Over the years, I probably went up to the blackboard tens or hundreds of times. That was where I struggled with spelling and where I discovered how to add, subtract,multiply, and divide. I am sure I got chalk dust on my clothes and in my hair. I am sure I occasionally wrote at the wrong angle and made the chalk screech as I went along. I know I wouldn’t have done that, or run my fingernails down the slate board, on purpose, because I still cannot stand those agonizing squeals. I also remember that like Bart Simpson, I invariably had to write “I will not . . .” over and over again on a blackboard, a penance for some transgression or other.
When I wasn’t bad, I got to go outside and clean the erasers by clapping them together or hitting them against the brick foundation. I remember that cleaning the erasers was a reward: I got to go outside, whack things, create clouds of dust, and do something to please the teacher. Other friends of mine, as well as my mom, remember eraser cleaning as punishment. I also thought wiping down the blackboard was fun. The surface dried from shiny black to flat black almost instantaneously, as if t
he slate abhorred being wet.
Friends from coast to coast told me similar stories of learning from blackboards, cringing at the chalk squeal, and cleaning erasers. Their association with blackboards continued through high school and into college. Stories abounded of legendary professors who would zing sleeping students with bits of chalk or equally infamous teachers who always had lines of chalk stains on their backs. Blackboards were as much a part of growing up as skinned knees, learning to drive a car, or dating.
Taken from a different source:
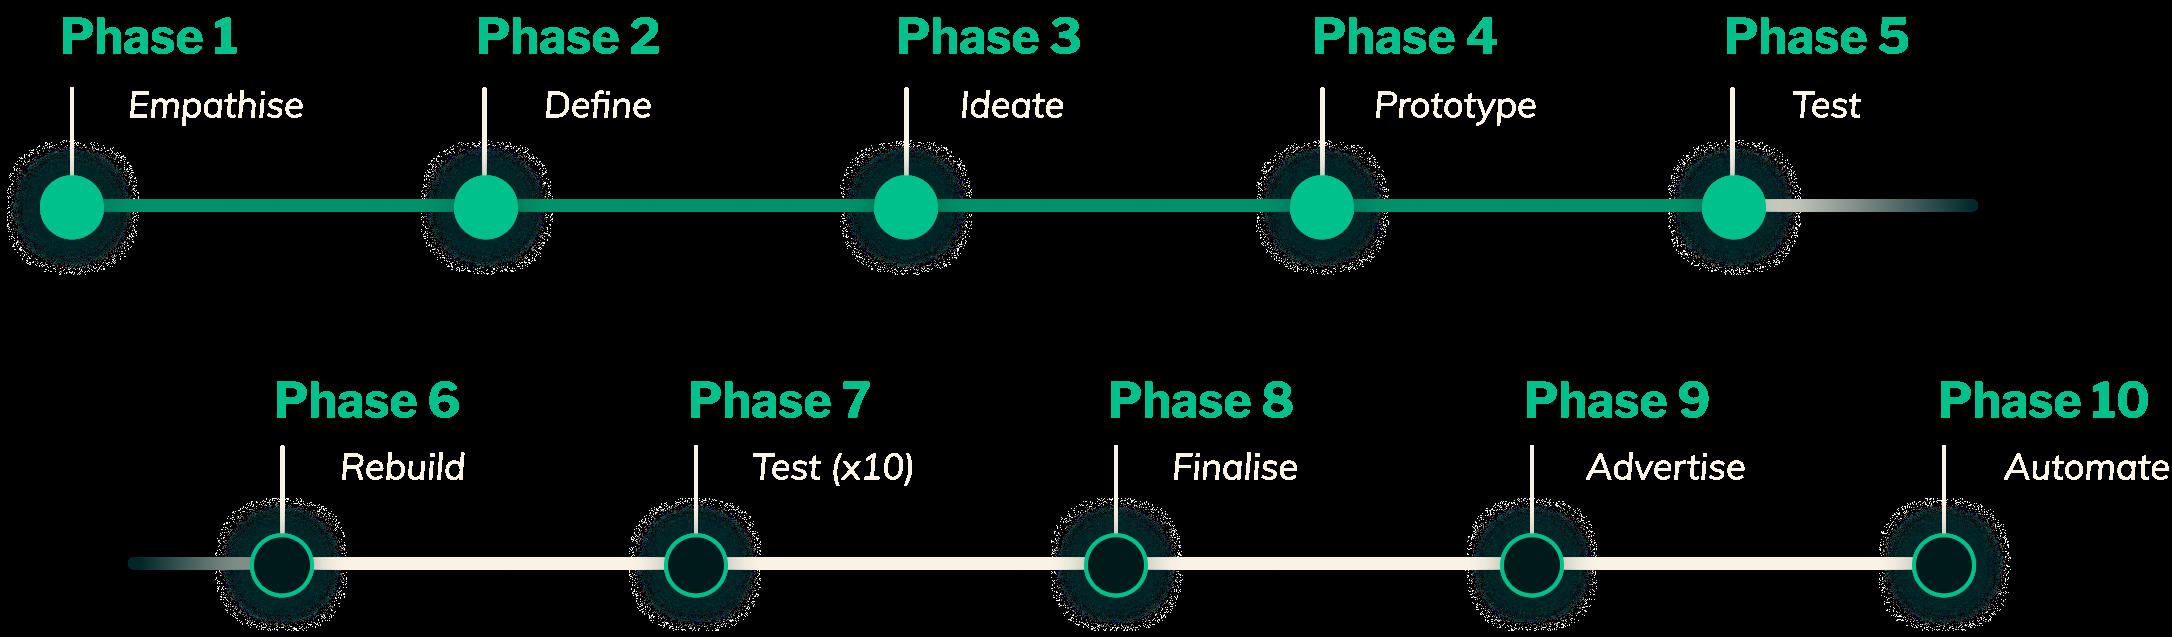 WeFuture Development Phase

Slate blackboards are a wonderful teaching tool. They don’t break or warp. They can be cleaned forever, either with an eraser or with your hand. They produce a pleasing click-clack sound when written on properly. Often taking up an entire side of a room, they provide a blank wall for jotting down anything from music to drawings to numbers. They also seem eternal and permanent. Just think of the photographs of Einstein, or any number of mathematicians and physicists, writing out complicated equations on a blackboard and you will recognize the role they have played in education and communication.
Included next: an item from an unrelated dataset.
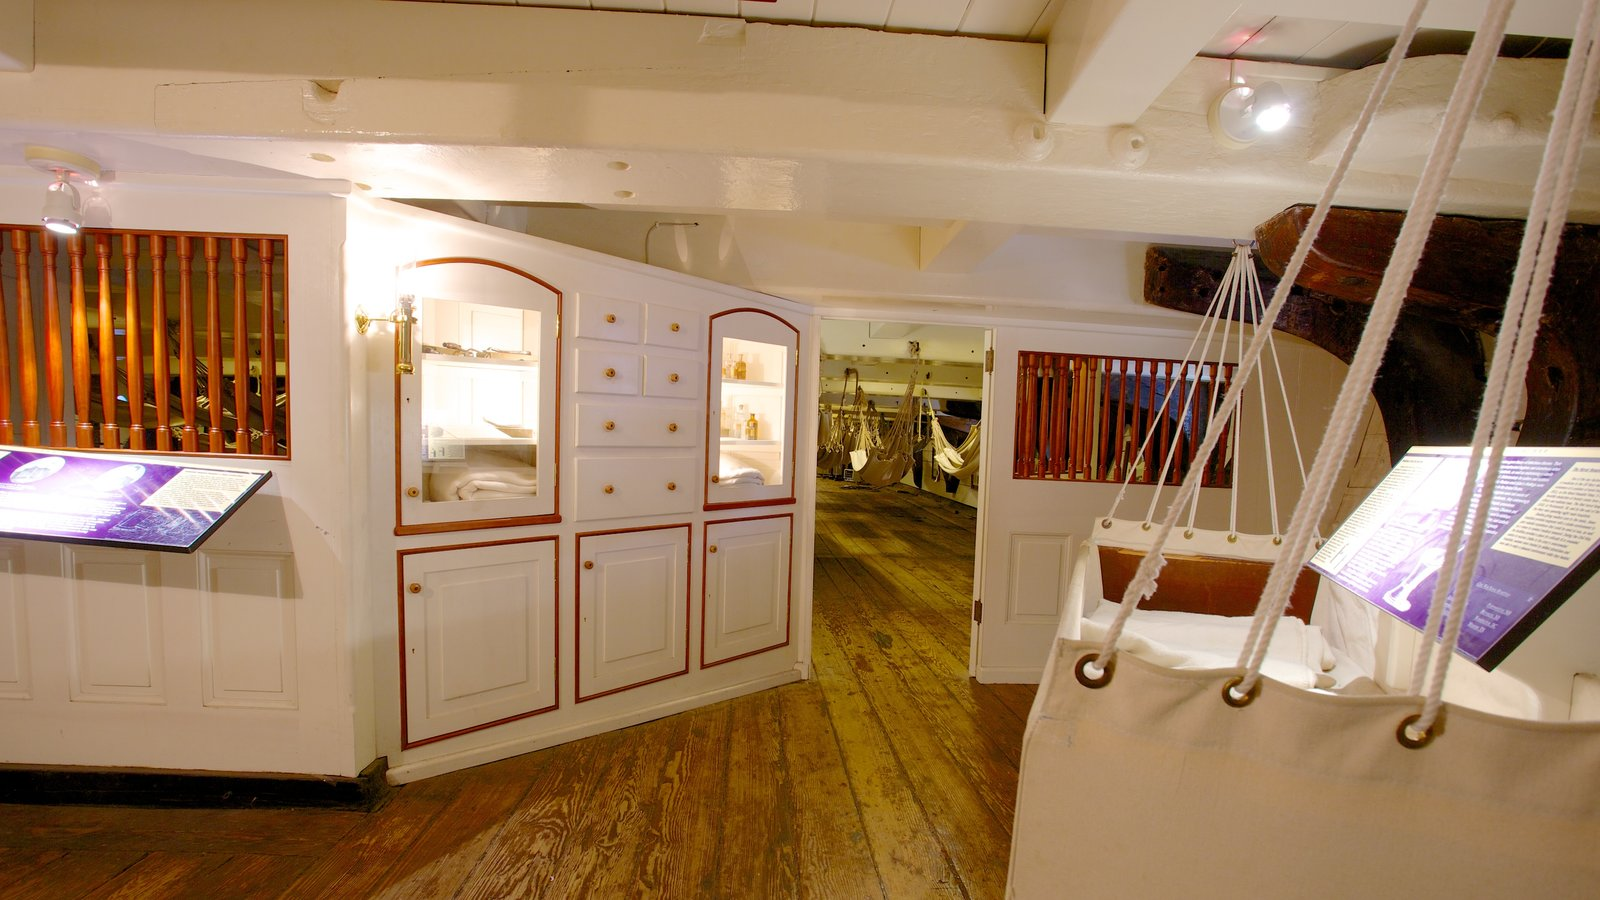 USS Constellation which includes interior views

Or consider how our use of slate blackboards has seeded our language. We wipe the slate clean. We chalk up something to experience. We refer to a tabula rasa, literally a scraped tablet, but more often defined as a clean slate. We vote for one of a slate of candidates. We are slated to do something and those who had a debt were formerly said to be on the slate. No other stone has contributed a comparable literary etymology.